La historia de la fotografía tal vez sea la experiencia de un viaje y un relevo, aquél que toma sus raíces en las pretensiones de la pintura de salón, el retrato cortesano y burgués de un prestigio episódico e inaugural. Sin embargo, esa experiencia muestra rápidamente su decrepitud, y de este modo podríamos decir que la fotografía como método tecnológico de captura de la imagen es una auténtica toma de la Bastilla, una revolución en los modos sociales de construir mirada.

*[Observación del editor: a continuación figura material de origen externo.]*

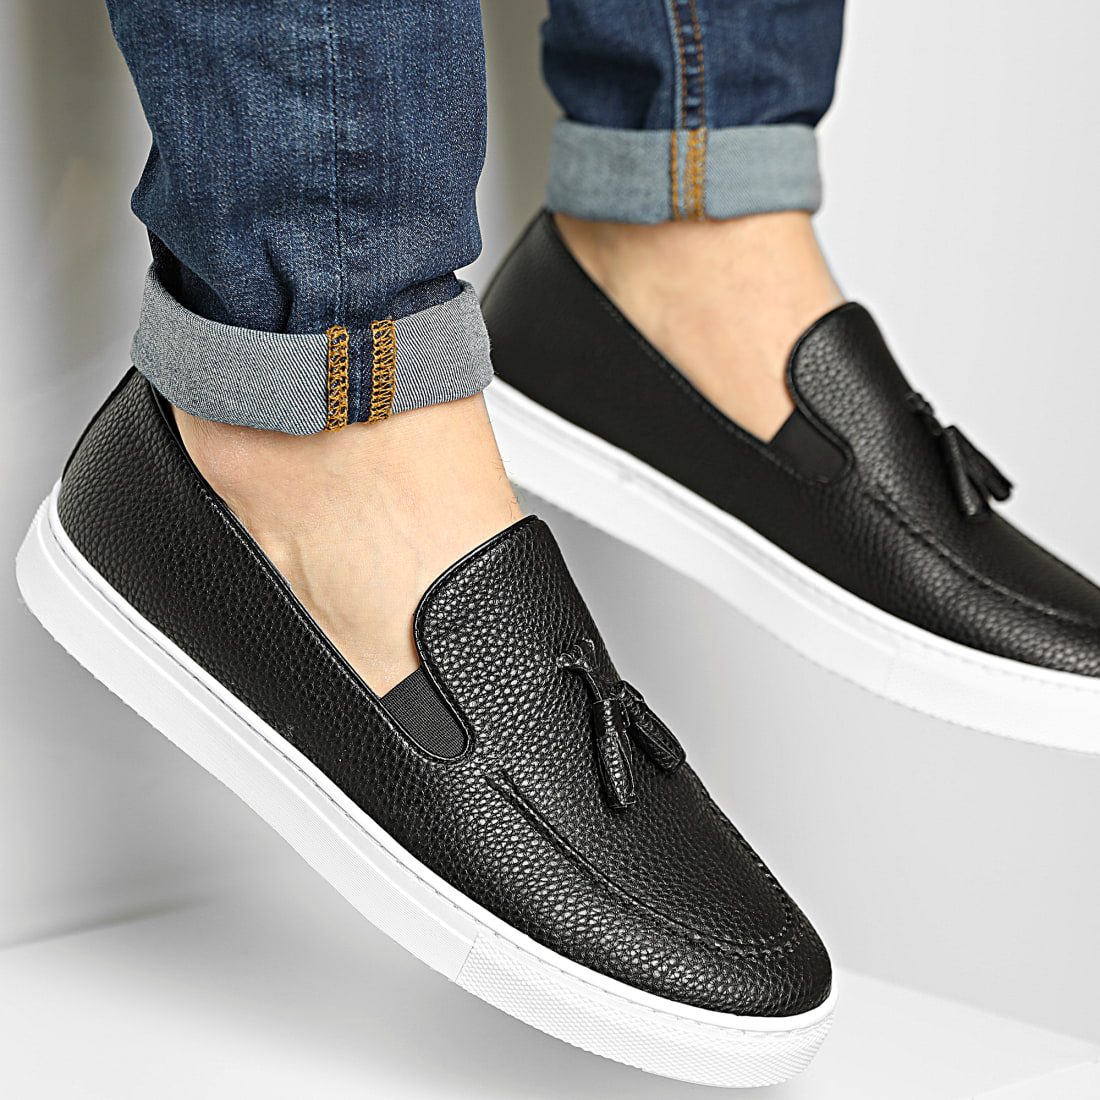 Shenduo Chaussures de Ville D7152 Mocassins pour Homme Cuir Loafers Confort

Esta nueva enajenación, de la que todas las artes toman referencia durante el curso del siglo XIX, está ligada, por otra parte, a la construcción de la ciudad moderna. Cuando leemos a Baudelaire y sus “Flores del mal”, sabemos que esa dislocación de la mirada ya no será una bucólica, y que el amor y la incertidumbre del “tedium vitae” quedarán marcados por un nuevo sesgo: el de la industrialización y tecnologización definitivas de la ciudad como portadora de una nueva peste.

En esta pestilencia simbólica, ciudad y fotografía se vuelven indesligables. A partir de allí la fotografía salta el margen de la familia burguesa y se vuelve obús en un campo de discursos y diversos sincretismos.

II.

En este sentido, es este el cénit de una interioridad que se hace exterior, su política viable al ojo de la multitud, lo multitudinario, lo múltiple, lo mutilado incluso. Las grandes utopías arquitectónicas del siglo XX, de la mano de artífices como Gropius, Le Corbusier, Wrigth, Mies van der Rohe, Niemeyer, toman esta dirección que, en sus efectos y repercusiones, estalla sobre todas las vanguardias estéticas contemporáneas.

Podemos decir que la historia de la fotografía es asimismo la reseña estructural de los modos en que se comenta la ciudad. El relato deja paso en la ciudad moderna al uso de la imagen testimonial. La fotografía produce un loop, un rulo que retorna así a los espacios espirituales, a la intimidad de las casas y la interioridad de los cuerpos respirando en las camas; pero ahora esos cuerpos quedarán capturados por la dinámica de la urbe, serán a partir de allí cuerpos desnudos, clandestinos, desgarrados o políticos, pero cuerpos en la ciudad. La ética de esos cuerpos fragmentarios es entonces un documento exterior que yace en la interioridad de un parpadeo. Parpadeo “de” la ciudad.

¿Qué reúnen estas auténticas Torres de Babel que son las ciudades, usinas plurales donde el parloteo de capas superpuestas, de extrañas lenguas, desafía los principios del naturalismo y de dios? Su diferencia con el recurso bíblico tal vez lo encontremos en el arte sincrético, donde ese exiguo parpadeo deja entrever lo que se vuelve habitual en la pintura no figurativa: contraste, oposición de planos, ritmo, intensidad, extenuación y convivencia. Así, de este modo residual, la imagen se babeliza junto con la estética de estos cuerpos en el espacio: cuerpos vivientes junto con estructuras arquitectónicas que parlotean. La ciudad toda es discurso y tiempo. La ciudad toda es viviente.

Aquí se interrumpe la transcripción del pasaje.